On Presidents' Day, we honor our nation’s presidents, but we typically don’t look to them for business help and advice (unless it’s extending more government loans or incentives). But, there is actually a lot we can learn from two of our most well-known leaders.
As small business owners, we are especially familiar with George Washington and Abraham Lincoln since they appear on our money. And here are four lessons business owners can learn from these two presidents:
1. Solve customers’ problems. Washington was a marijuana farmer. In the late 1700s, pot was actually grown for hemp and soil stabilization (at least, this is what Washington told everyone). Hemp was used for textiles, paper, and medicine. In fact, the Declaration of Independence was written on hemp paper. Washington also ran many other businesses including a large fishery and one of the biggest whiskey distilleries in the country. Lincoln owned a general store. In the 1830s, these stores were the only places that offered a wide variety of goods for farms and homes. Stores would also offer the farmers credit based on how good the next year’s crop was projected to be. (Note: Do not follow this last piece of advice since Lincoln went out of business.)
2. Be an innovator. Washington introduced the mule to America for farming. Utilizing mules gave farmers many advantages over horses including the ability to work the animals harder, longer, and with less feed. They were particularly popular in the south since their hooves were better suited for crops like cotton, tobacco and sugar. Lincoln was also an innovator. He received patent No. 6469 for a device called “Buoying Vessels Over Shoals" on May 22, 1849. It was supposed to lift riverboats off of sandbars. He whittled the original device out of wood. Unfortunately, the product was never marketed because the extra weight on the boat actually increased the chances of it running aground. Lincoln was more innovative as a lawyer and politician. He created the first transcontinental railroad and established a national currency.
3. Failure is part of the journey.
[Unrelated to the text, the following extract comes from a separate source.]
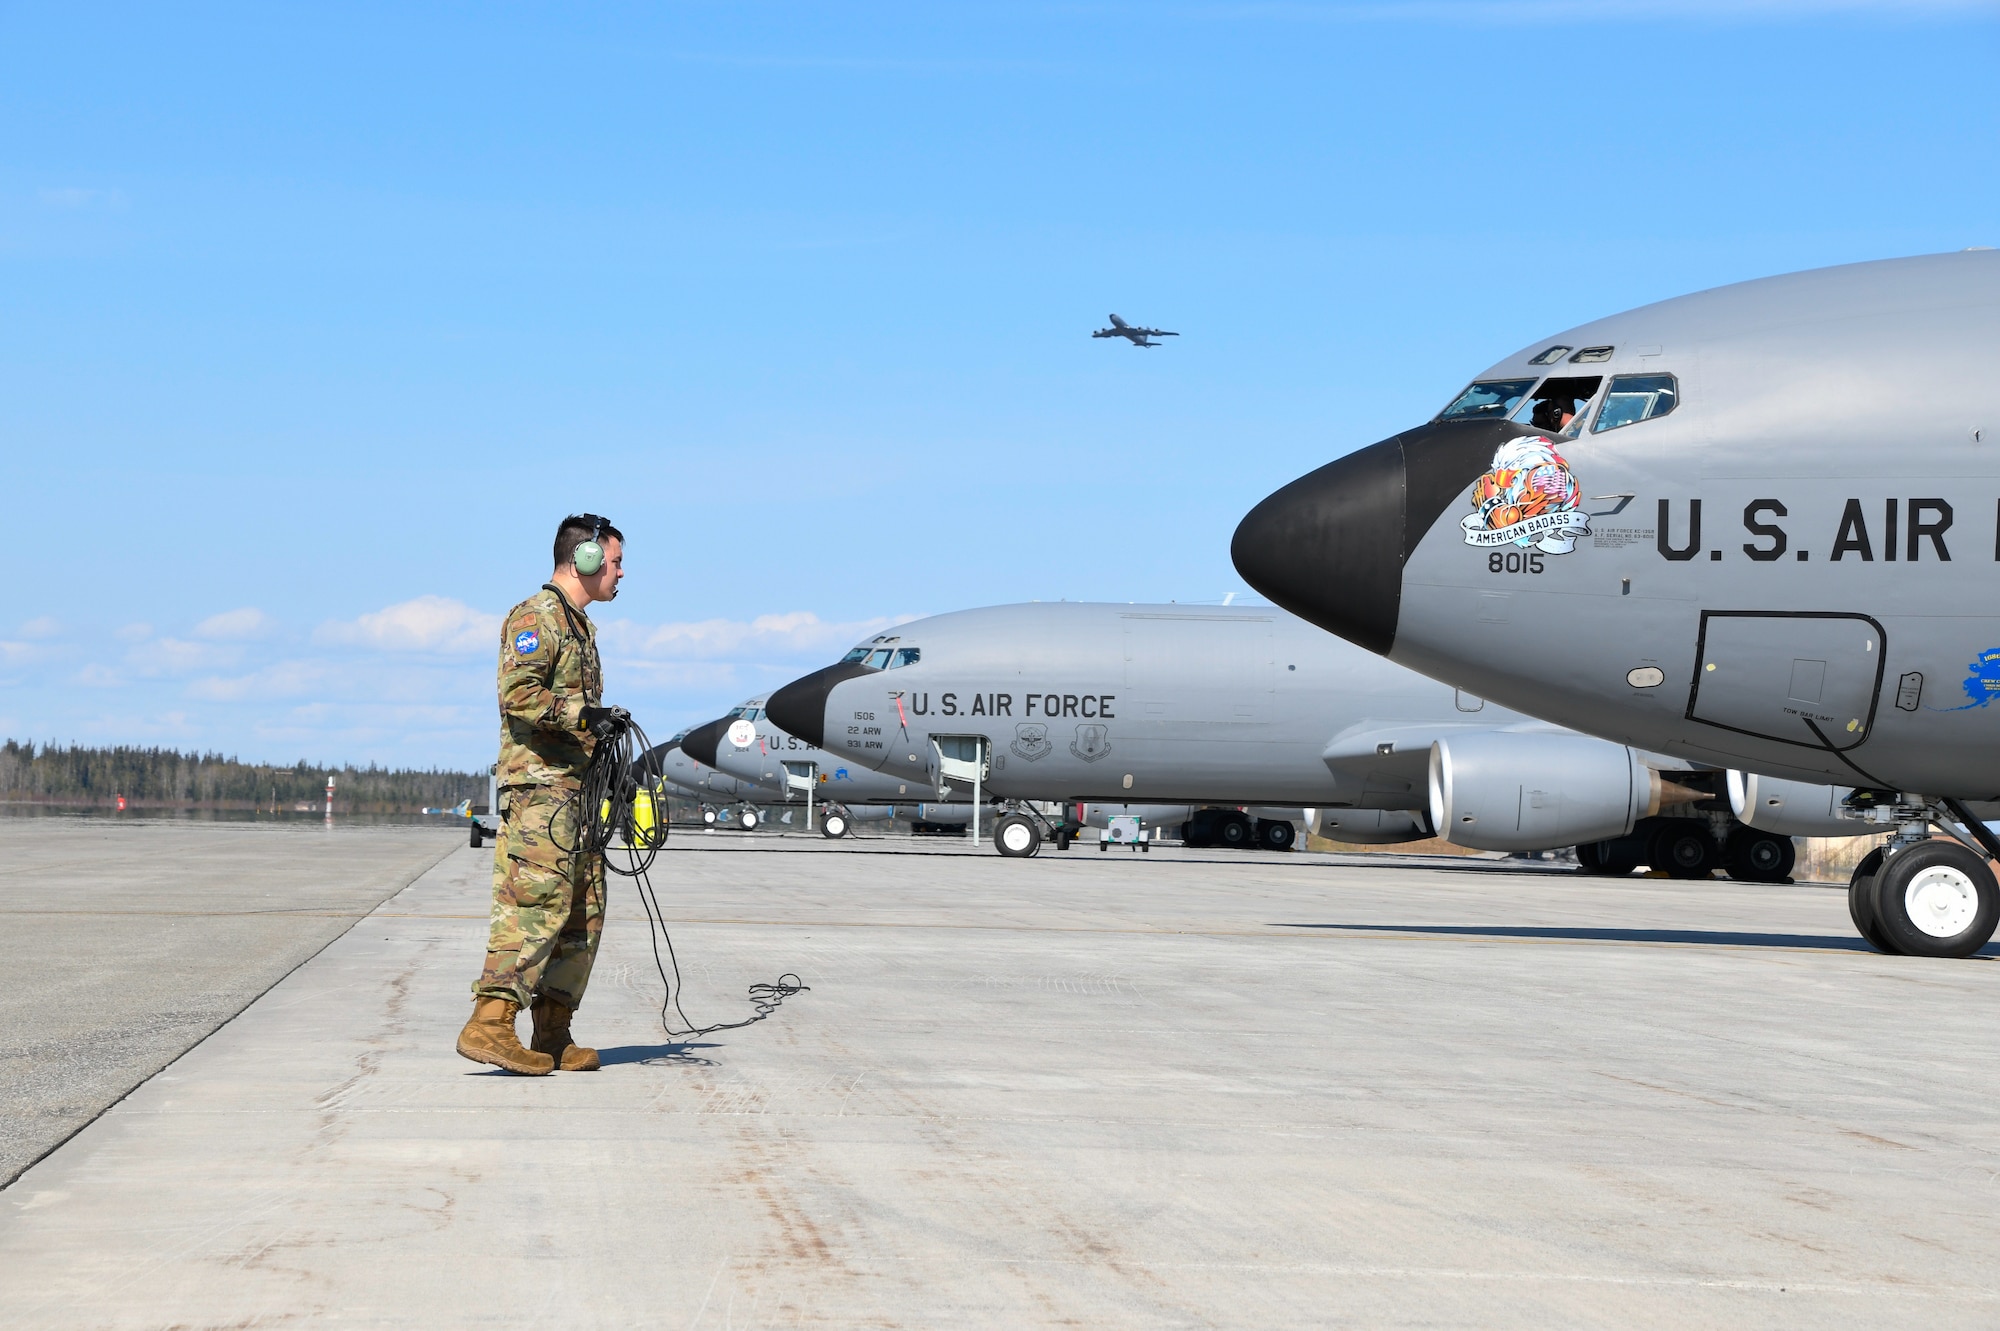 Staff Sgt. David Thurman, a crew chief with the 168th Wing, Alaska Air National Guard, prepares to send off a KC-135 Stratotanker pilot at Eielson Air Force Base. The Alaska Air National Guard KC-135s provide air refueling, joint force lethality, and deter aggression across the Pacific. (U.S. Air National Guard photo by Senior Master Sgt. Julie Avey)

In Washington’s first battle, he was ambushed and forced to surrender at Fort Necessity in Pennsylvania. In 1755, Washington had to assume command from a dying General Edward Braddock. He led the surviving Colonial soldiers on a “successful retreat." Washington always talked about how "99 percent of failures come from people who make excuses." Lincoln lost the first time he ran for state legislature and U.S. Congress; he won the second time around for each. He lost both times when he ran for U.S. Senate, but was later elected president.
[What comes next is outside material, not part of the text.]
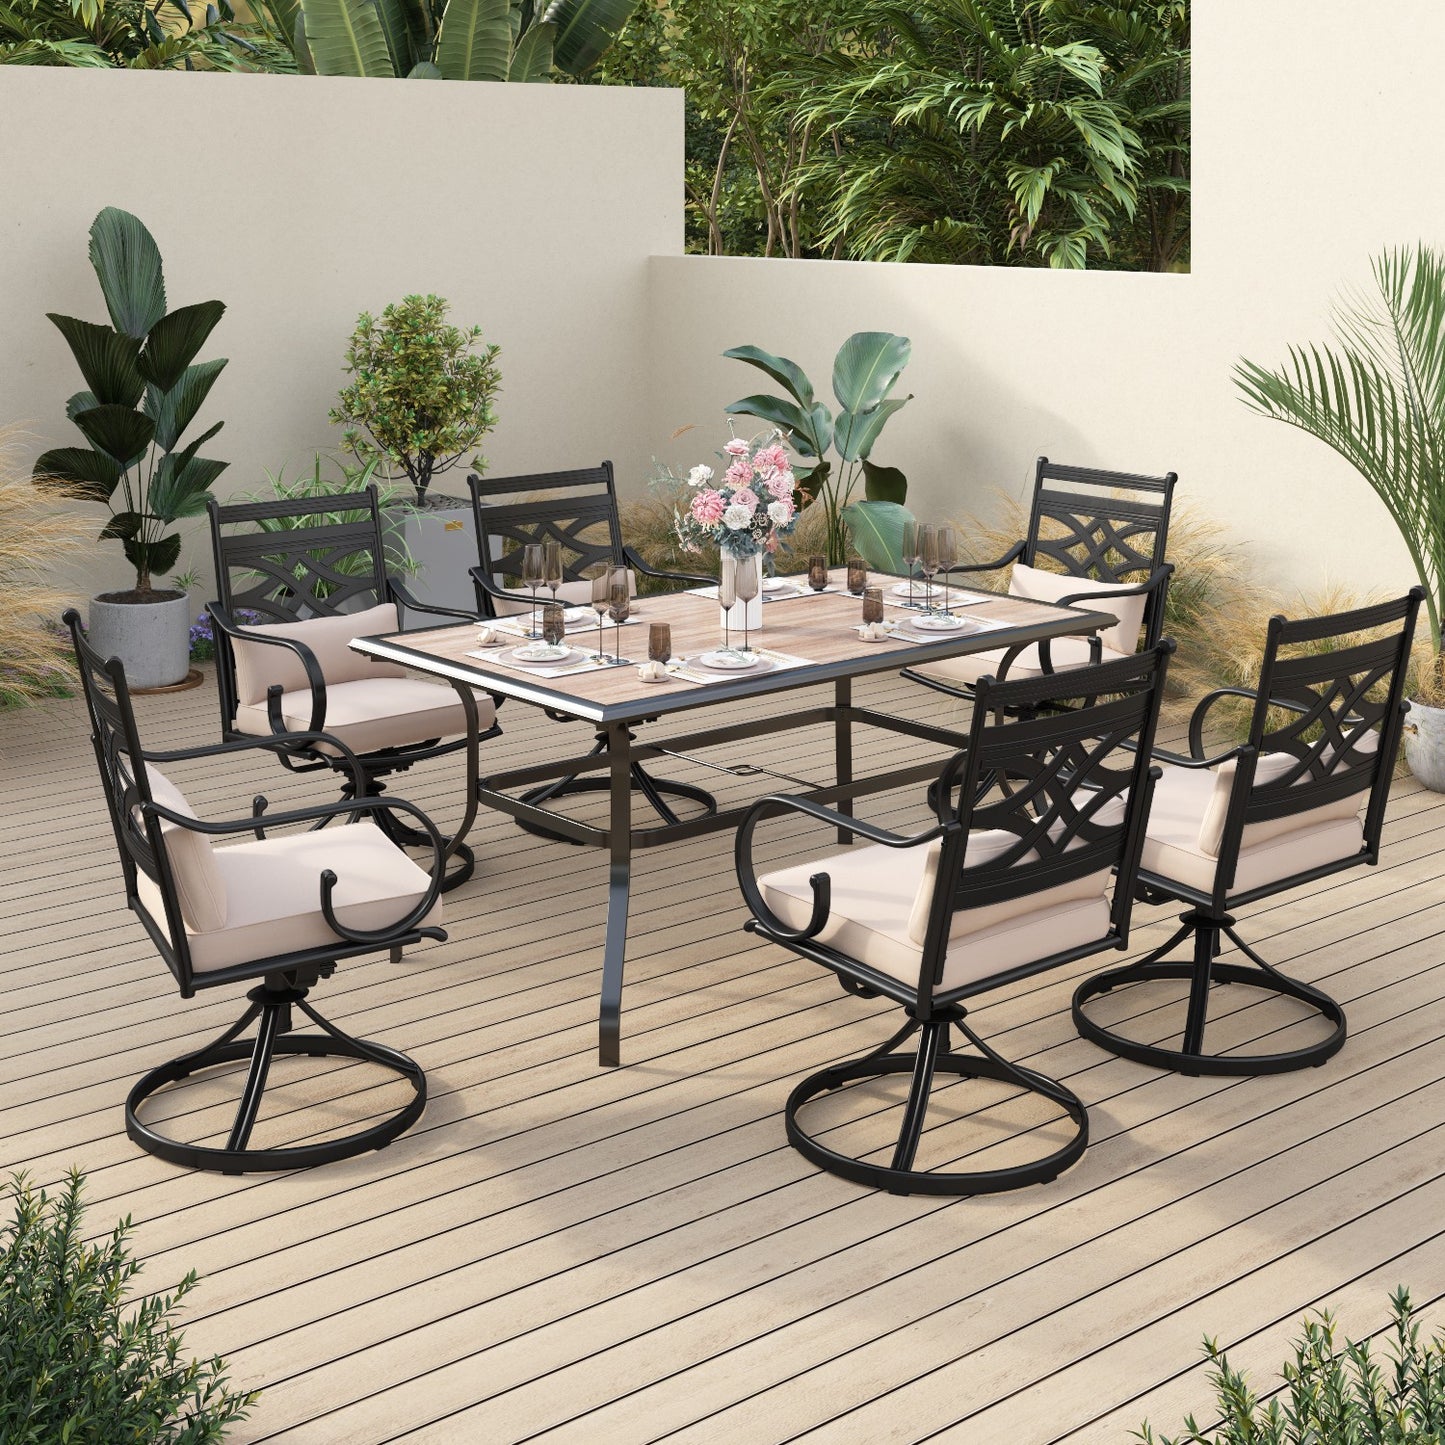 Sophia&William 7-Piece Outdoor Patio Dining Set Cushioned Swivel Chairs and Steel Table

4. Learn from the bottom up. Washington’s father died when he was 11 and left no money or formal education. So Washington became an apprentice in order to learn business. Lincoln also had no formal legal education. He learned from books until the Supreme Court of Illinois licensed him. When he became a lawyer, he traveled around Illinois to learn his craft until he became one of the most successful lawyers in the state.
What other presidents can we learn from?